Backing out the equity death noise, the goal for the value investor is much the same: find quality companies to hold for an extended period of time that you conclude will produce a solid return.  Those that confuse this goal with trying to figure out which major asset class may quake higher, rattle lower, or roll over a cliff are bound to be disappointed.

Fishing For Safety In Stocks

Selected for the Wish List in December 2004, we watched patiently as High Liners’ stock price wallowed in the depths of despair for more than 4-years. During this time we often noted that a falling share price could represent an opportunity, and that we didn’t envision ever removing High Liner from the Wish List.  After effectively using its clean balance sheet to acquire key competitors, High Liner’s stock price ‘bottomed’ and its business operations improved during the 2008/09 market meltdown.  7-dividend hikes later, HLF has opened 2012 by hitting new highs.

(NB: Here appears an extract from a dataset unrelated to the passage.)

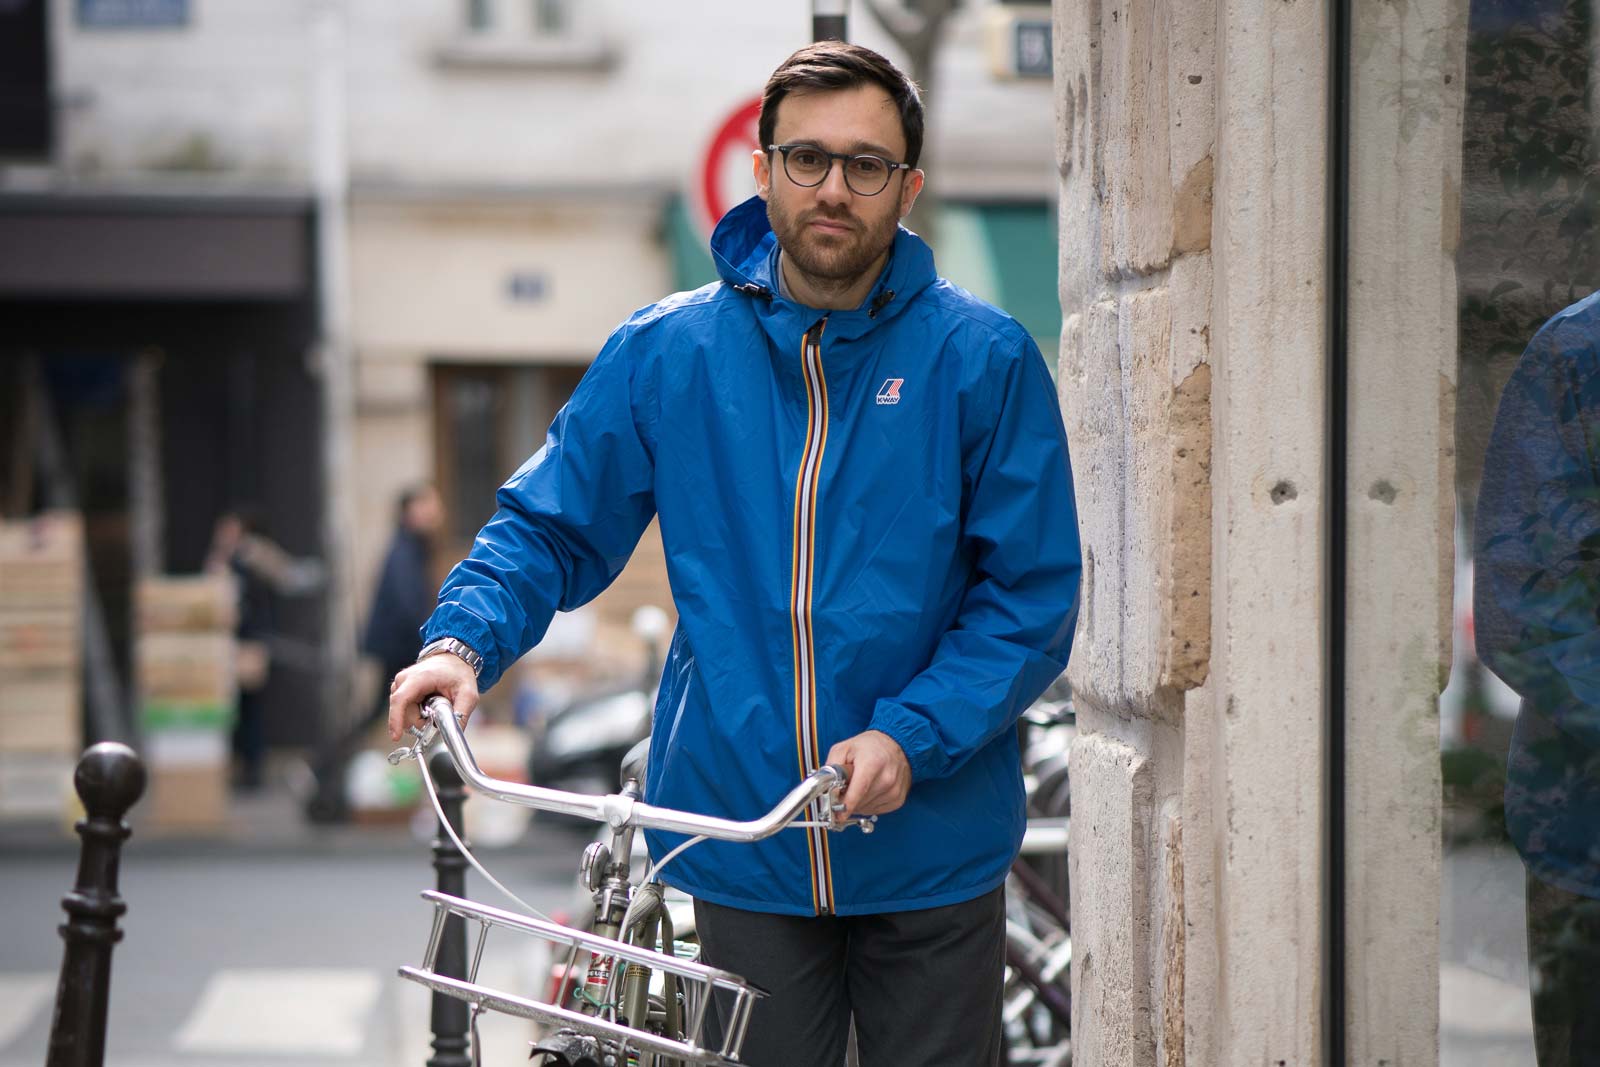 Men wearing a Claude Amiable Recycled and Sustainable Jacket in Blue Royal while walking next to his bike in a city street.

Another more recent Wish List selection, MOCON Inc., was the sole new company selected for the 2011 Wish List.  MOCON had many of the qualities that separate winners from losers in the marketplace: namely a long history of impeccable balance sheet management, a niche leadership position in a growing industry, and 27-years of dividends.   MOCON was removed during last year’s sharp rally due to valuation concerns, but remains a potential candidate to purchase on weakness.

These examples are not meant to suggest that finding quality companies at an opportunistic price is easy. It isn’t.  Rather, acquiring a good understanding of a business takes time, and finding an attractive point of entry can take years to develop, if ever.  One of our nightmares on this front is Tim Horton’s, which is the most attractive Canadian utility that happens to serve coffee instead of electricity to its customers.  Since going public in 2006 THI has failed to sport a share price at truly attractive price levels. The wait continues.

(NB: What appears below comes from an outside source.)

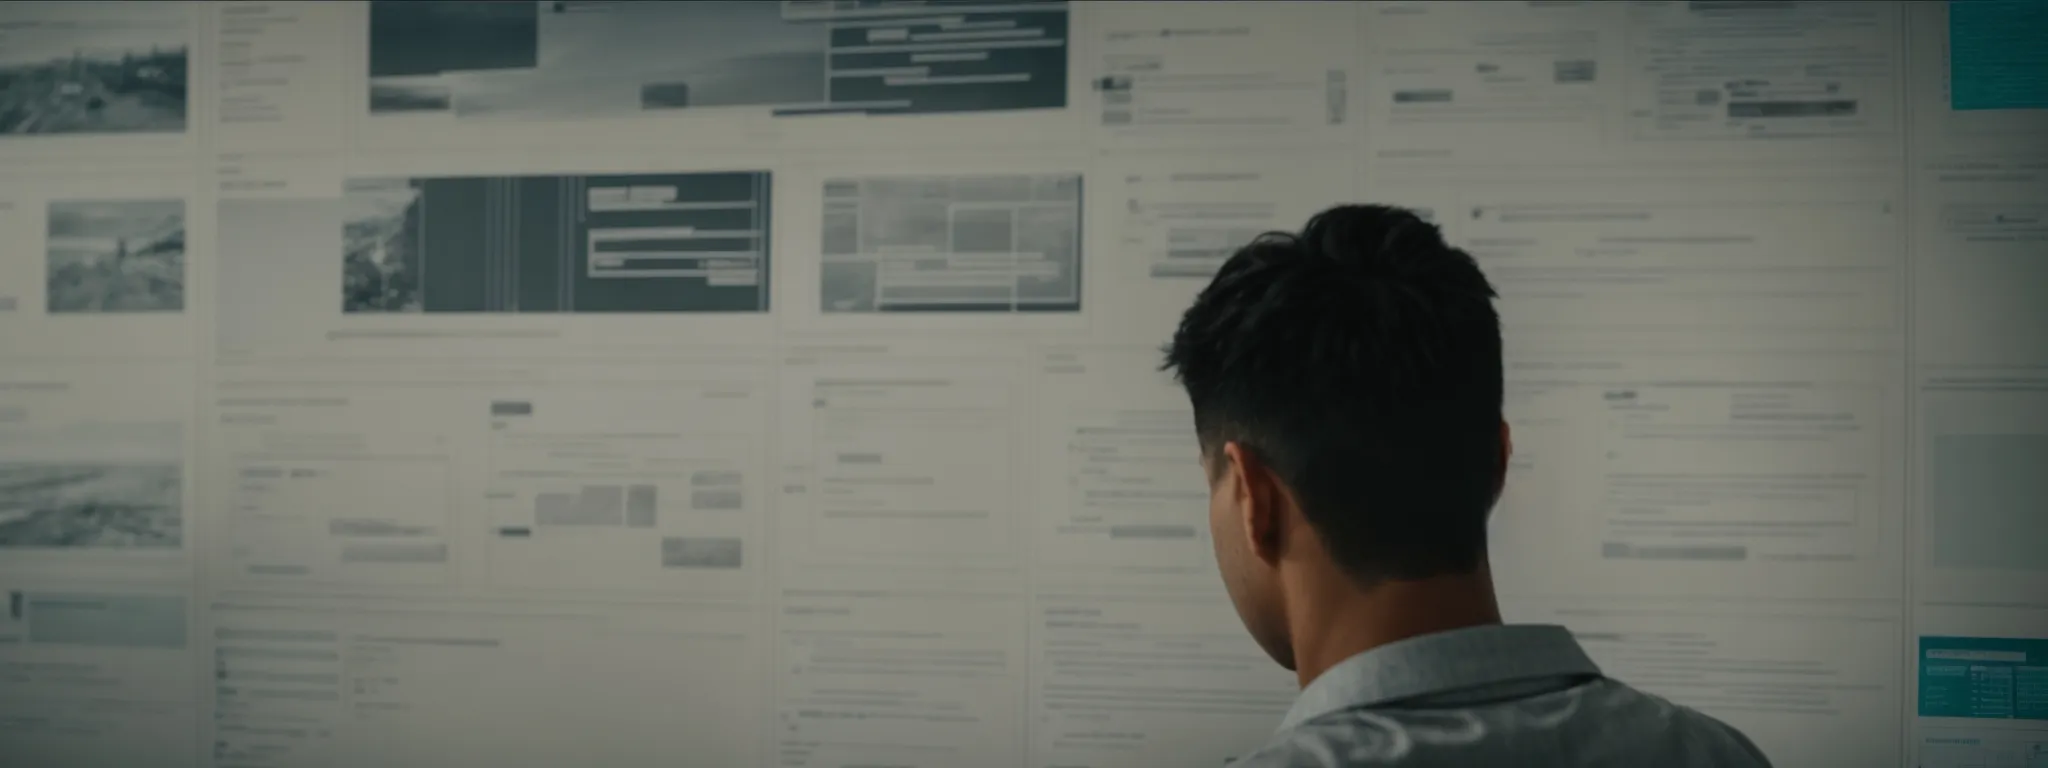 a webmaster intently maps out a website's structure on a digital storyboard, highlighting interconnected pages with lines.

Beyond time/value considerations, what also makes catching specific equity stories difficult is the dysfunctional state of the global economy, in particular the madness transpiring in America. To be sure, with much of the developed world infected by the meme that is austerity the good ol’ days would appear to be gone, and yet the U.S. remains a debt-craved lunatic asphyxiated by its exceptionally easy money policies. While the Euro crisis may catch the bulk of the doomsday headlines, the monetary and fiscal quagmires that will eventually consume the U.S. are far more ominous considerations for the investor.

Thinking About 2012

Be it the Euro crisis, China slowdown, or the reawakening of the U.S. debt nightmare (something that does not look likely in coming 12-months), there are no shortage of potential financial monsters lurking in the shadows.  Moreover, if looking at debt/anything ratios or menacing worldwide  demographic trends, the future is about as bleak a picture that has been painted since the Great Depression.  Finally, add to this dismal outlook escalating geopolitical tensions and potential social unrest/conflict as the global economy underperforms...a gasoline soaked tinderbox is the image that springs to mind.

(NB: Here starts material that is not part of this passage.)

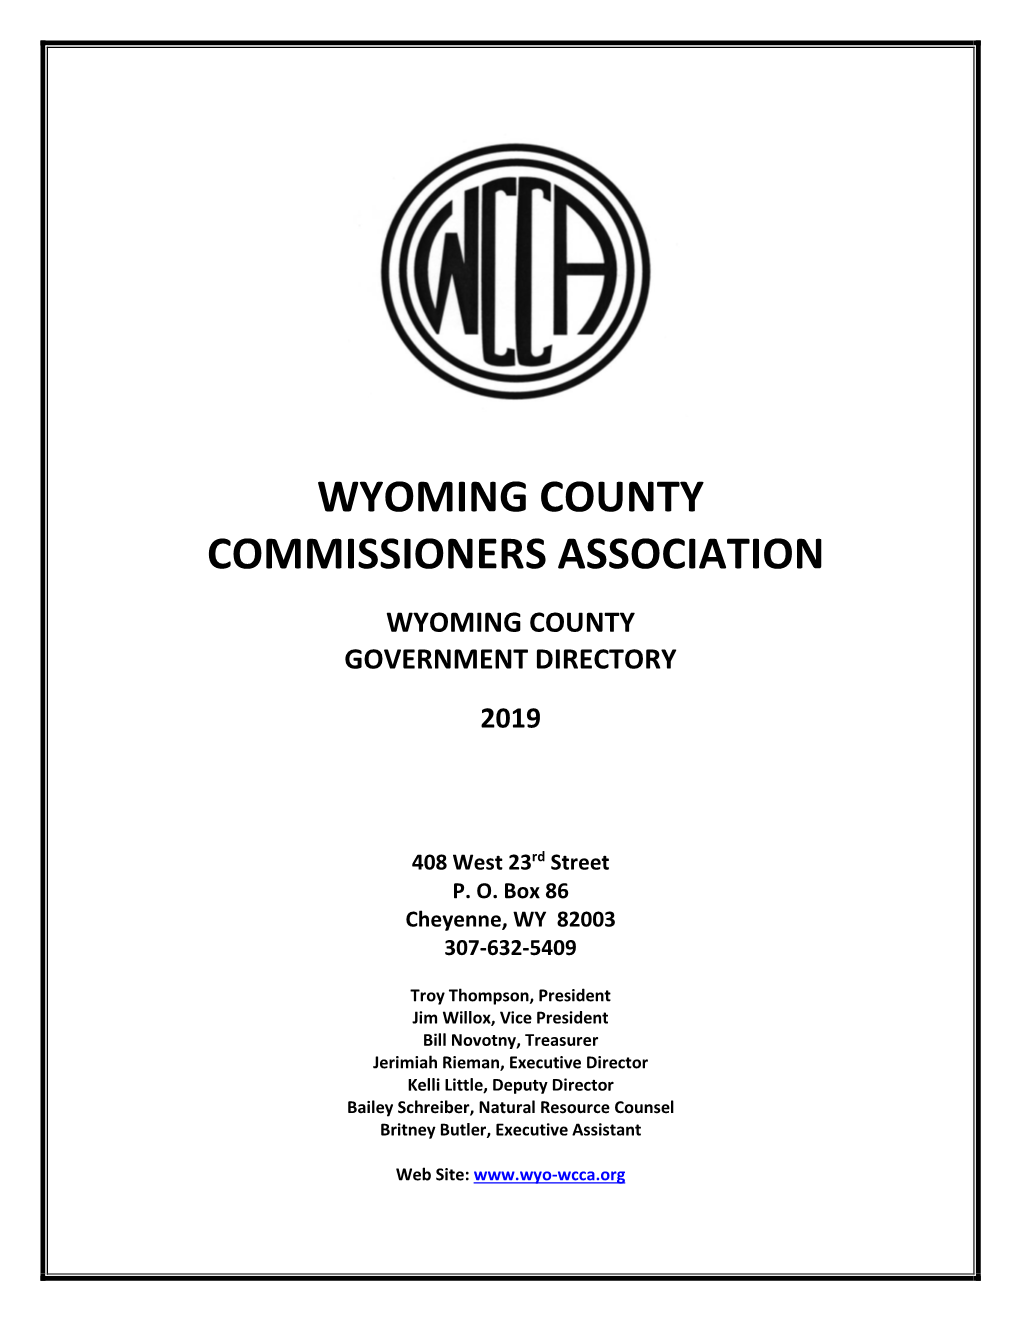 Wyoming County Commissioners Association

The illusion of recovery hangs in the balance as these issues play out.  In the case of the U.S., beyond the possibility of further ‘recovery’ in the coming months, the questions longer-term are daunting.  For example, what happens when the Fed tries to deleverage its balance sheet, financial institutions try to rationalize counterparty exposures hidden on their balance sheets, and the U.S. government tries (is forced?) to adopt a balanced budget?

Suffice to say, even if recovery does remain the theme in 2012, with so many macro/event clouds rolling in now is not be the best time to be heavily overweight equities.  Along with the event risks, consider P/B statistics and the manipulated trailing P/E figures, both of which are not pricing in ‘death’ as they did before the early 1980s secular bull took hold. Rather, absolute valuation matrixes suggest that equities are only slightly undervalued compared to the historical norm.

As for the one area of the marketplace that says equities are exceptionally undervalued (i.e. Fed/interest rate models), it may be worth remembering why any equity-backed numbered compared to the 10-year Treasury bond look so tantalizing. After all, without direct Fed purchases and recent safe haven flows due to the Euro crisis, what would be the yield on U.S. bonds? Is a negative real return in U.S. Treasury bonds really a sustainable benchmark to compare stocks to?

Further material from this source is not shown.